By Rob Mitchum // May 6, 2014
As computers grow more and more powerful, they become more useful as collaborators for scientists studying a diverse range of topics. Computers are good at repetitious tasks that would drive a human researcher mad, accomplishing tasks that are akin to not just finding a needle in a haystack, but painstakingly cataloging each piece of hay along the way. It may be a stretch to call this work “intelligence,” but as computational methods get better at classifying, analyzing, and predicting information, the lines between human and automated insight blur.
To highlight these advances and their relevance to disciplines ranging from science to the humanities, the Knowledge Lab and the Computation Institute started the Computational Intelligence talks, which will continue through the rest of 2014. The series fits snugly within the Knowledge Lab’s mission to apply the latest computational techniques, such as text mining and machine learning, to the rapidly growing stores of digital information in order to better understand the history and future of knowledge creation. As Knowledge Lab director James Evanswrote in Science last year, algorithmic “robots” may be the scientists of the future, and Computational Intelligence speakers will preview these powerful methods.
The first two Computational Intelligence talks, held at the CI’s UChicago location last week, provided glimpses of what is newly possible with these advances. Dashun Wang of IBM talked about predicting the future: how many citations a new research paper will accumulate, and more broadly forecasting the success of a scientist’s career. Yuening Hu of the University of Maryland discussed how to organize the past, using topic modeling methods to make sense of huge document archives.
A Crystal Ball for Citations
In his talk on quantifying long-term scientific impact, Wang drew a contrast between the complex mathematical models used to predict natural events, such as hurricanes, and the largely “gut feeling” methods used in hiring for jobs.
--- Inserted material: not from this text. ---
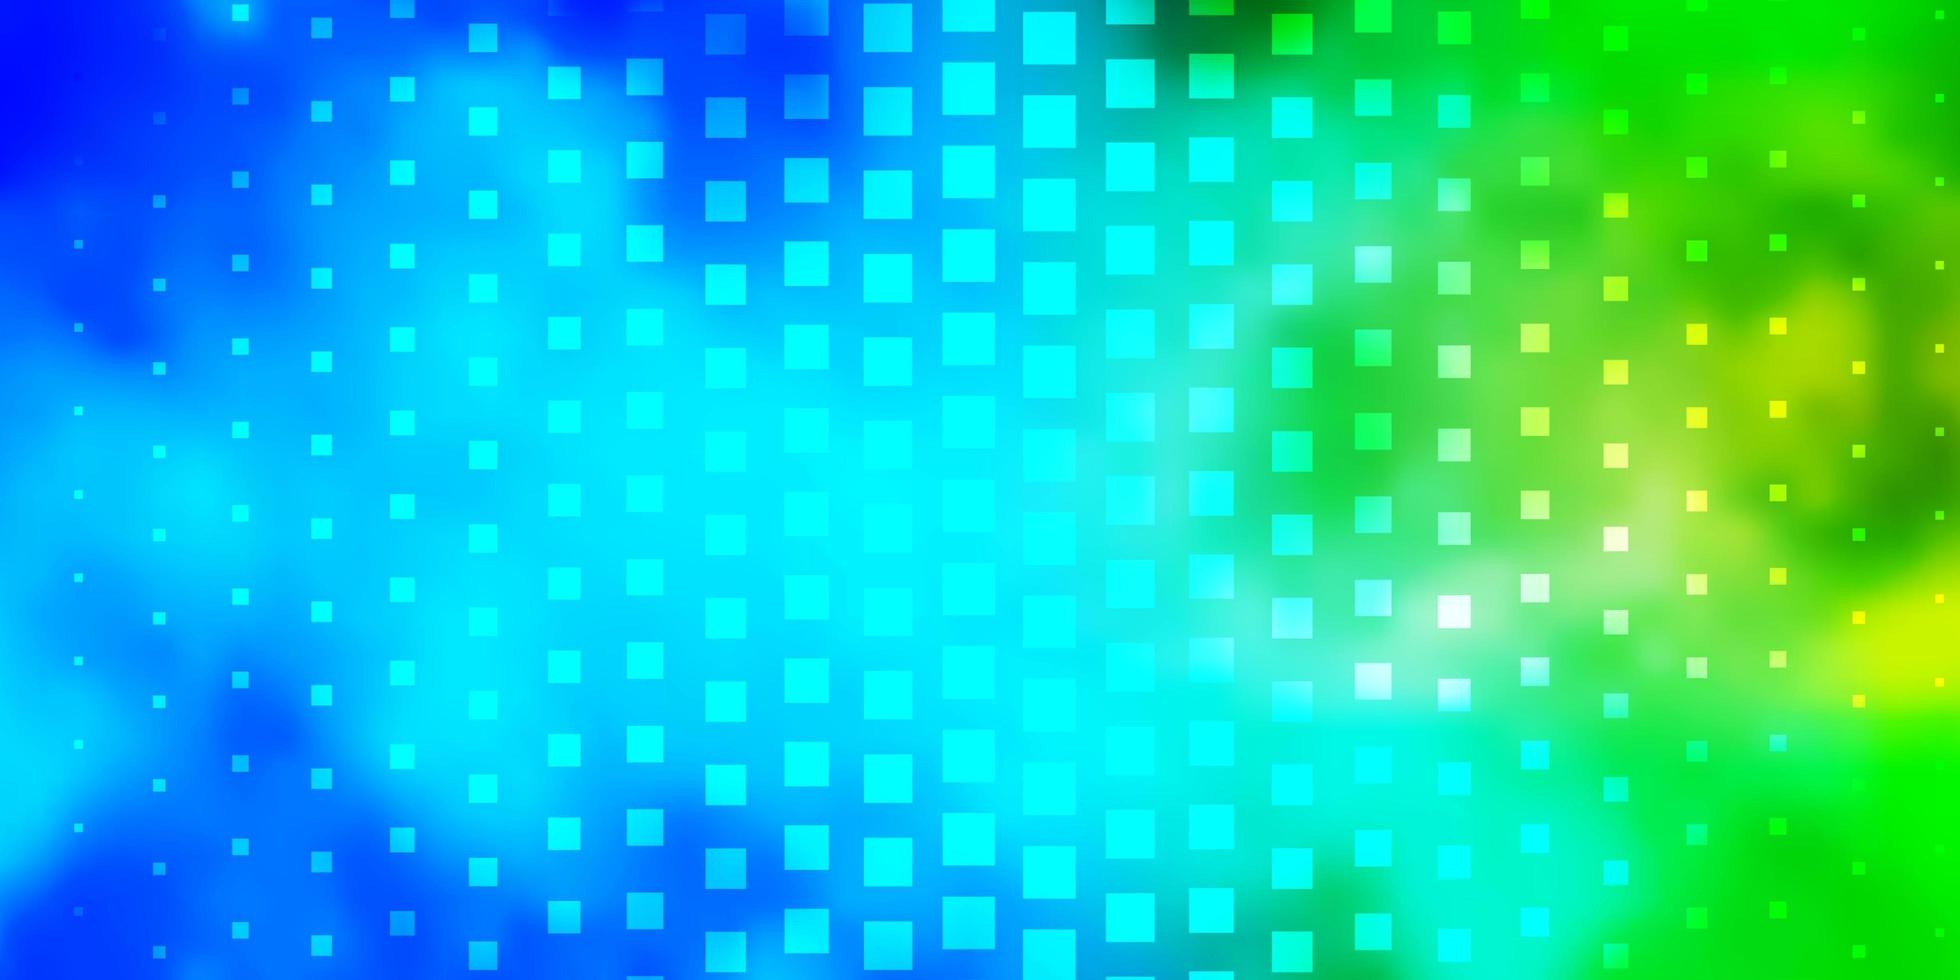 Fondo de vector verde azul claro con rectángulos Ilustración de degradado abstracto con patrón de rectángulos de colores para folletos de negocios folletos

While scientists have figured out the behavior of severe storms well enough to reasonably predict their path, the art of predicting who will have a successful career from their past accomplishments remains an inexact science. In science, even singling out which journal articles will go on to be important to their field remains difficult, with crude measures such as journal “impact factor” failing to predict the impact of individual papers.
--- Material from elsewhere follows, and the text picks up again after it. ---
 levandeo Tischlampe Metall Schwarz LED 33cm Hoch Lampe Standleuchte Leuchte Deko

So Wang set out to build a mathematical model that could describe the dynamics of how often papers are cited in the future, to try and find factors that could be used in predictions. When he charted the citation rates of papers from the archives of the American Physics Society and Web of Science, he found a noisy “mess,” with papers following a wide variety of citation patterns. Some articles enjoyed an early burst of citations before falling off to almost nothing, while others — some “‘truly outstanding exceptional papers,” Wang said — were largely ignored for years before experiencing a late burst of recognition.
Despite this variability, Wang designed a predictive model for future citations using just three factors: preferential attachment (more visible papers tend to be cited more), aging (a decline in citations over time), and novelty — how different the paper is from other papers. Given five years of citations for a paper, the model could predict with high accuracy its long-term future impact. The projections also held good news for scientists worried about rejections from the top journals, Wang said — as time goes on, the difference between journals grows smaller and smaller for a paper of a given fitness.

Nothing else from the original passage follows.